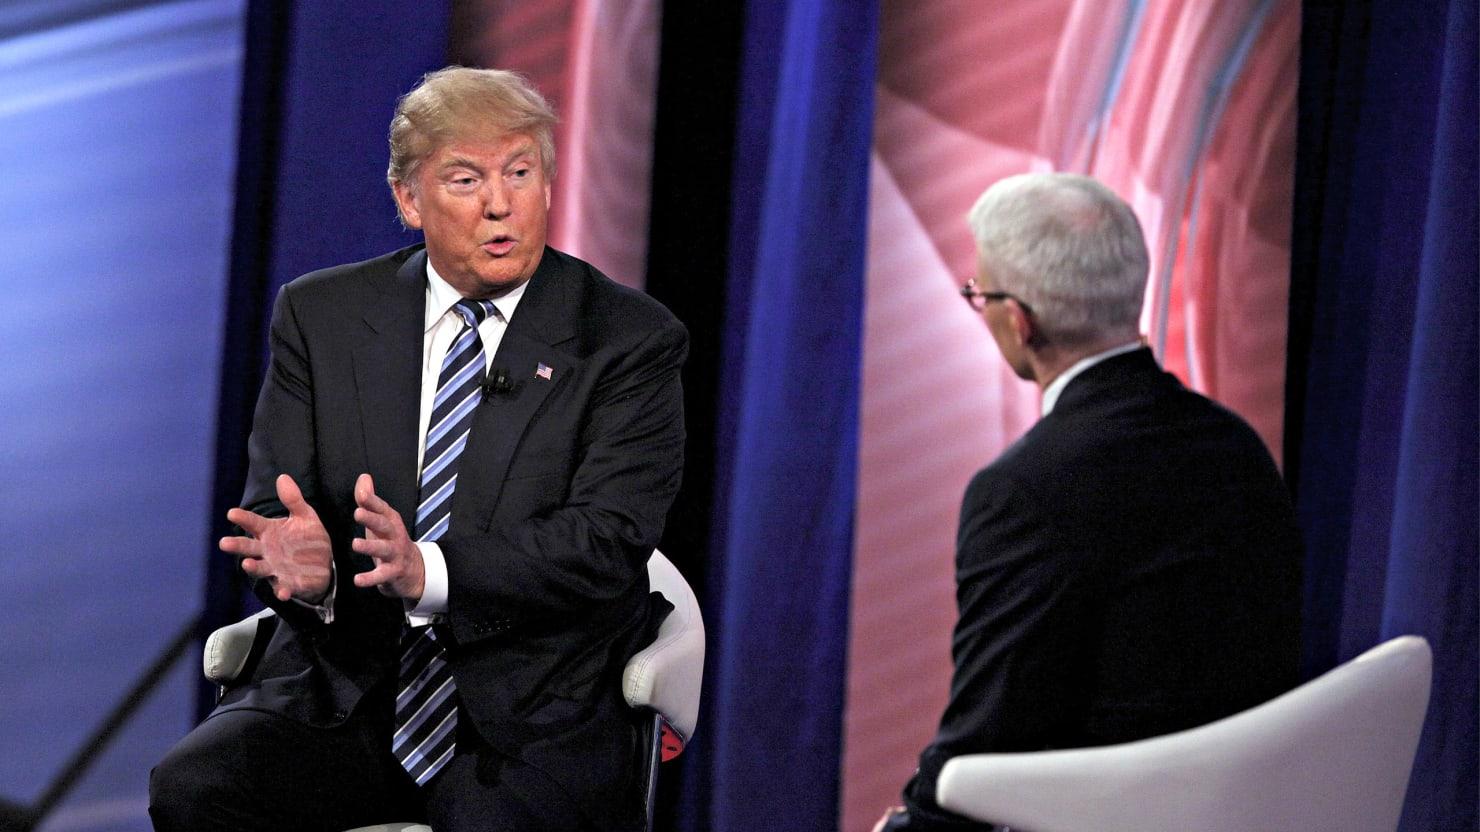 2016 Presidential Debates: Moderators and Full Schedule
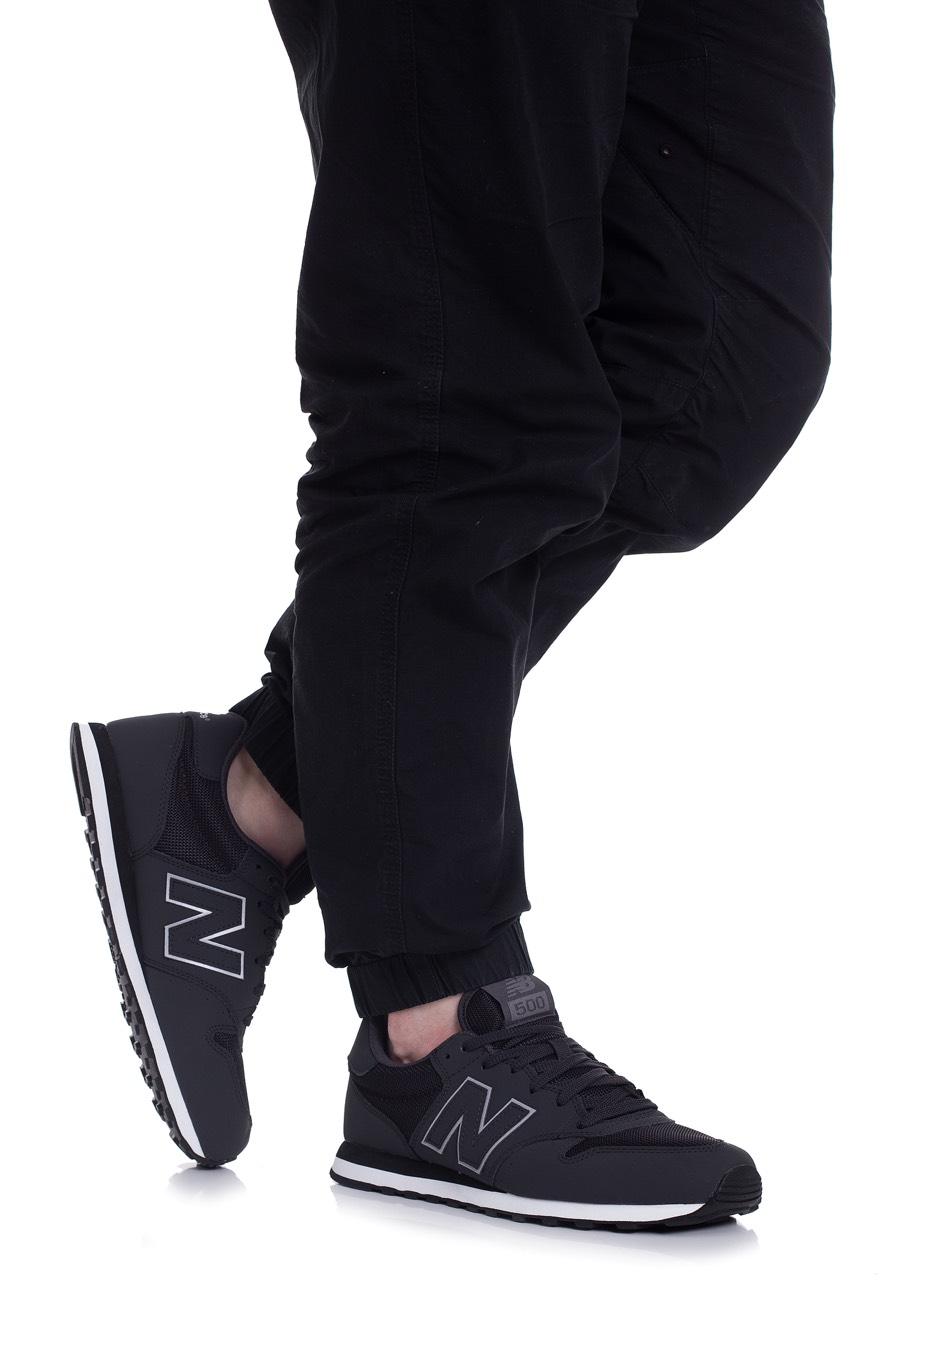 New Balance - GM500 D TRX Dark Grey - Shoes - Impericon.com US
--
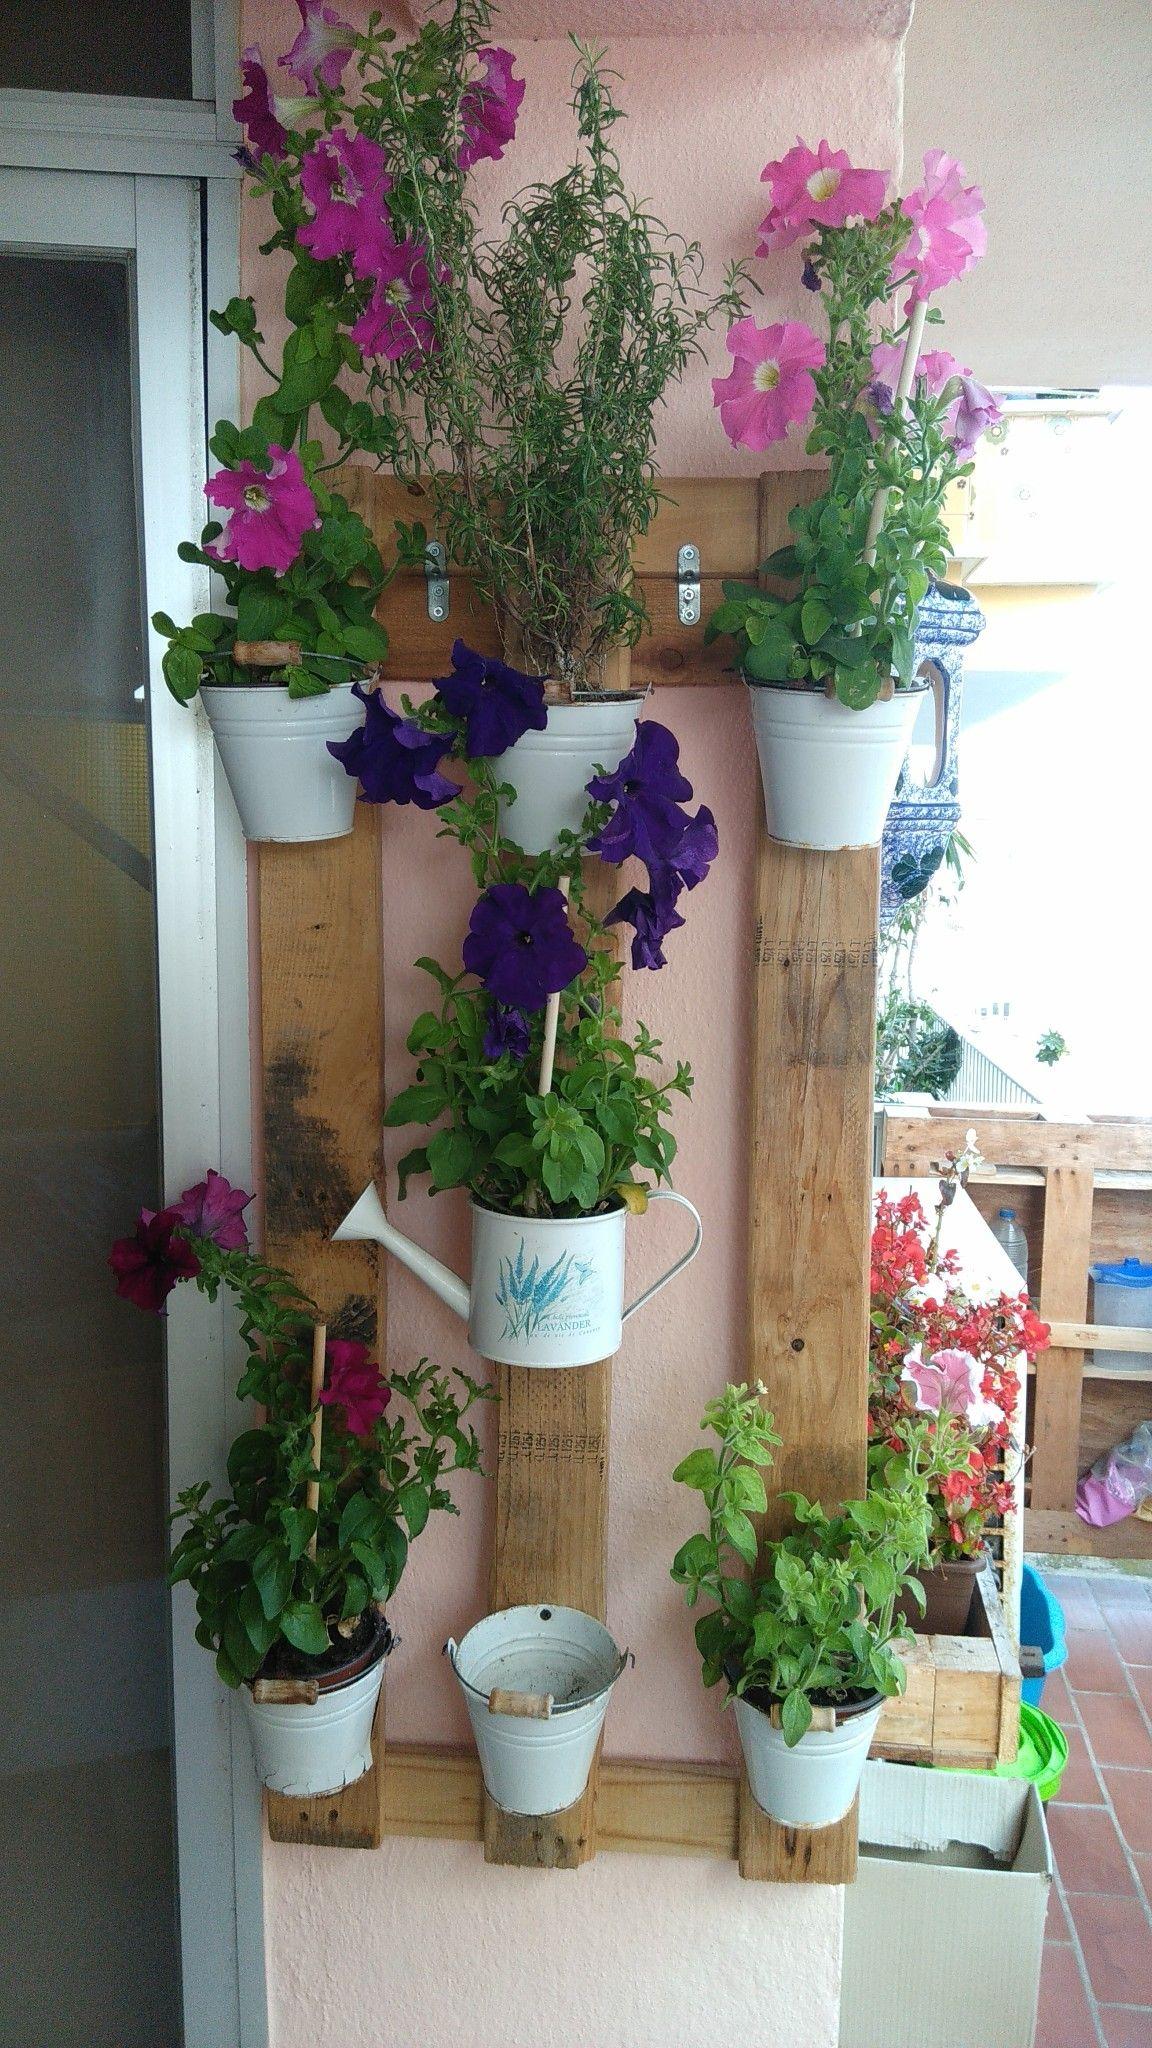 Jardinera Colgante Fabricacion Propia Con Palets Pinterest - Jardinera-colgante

**Your objective:**
Would you write out exactly the lines above, starting at the line containing "2016 Presidential Debates: Moderators" and stopping after the line containing "New Balance - GM500"? Omit the pictures.

**Solution for this exercise:**
 2016 Presidential Debates: Moderators and Full Schedule
 New Balance - GM500 D TRX Dark Grey - Shoes - Impericon.com US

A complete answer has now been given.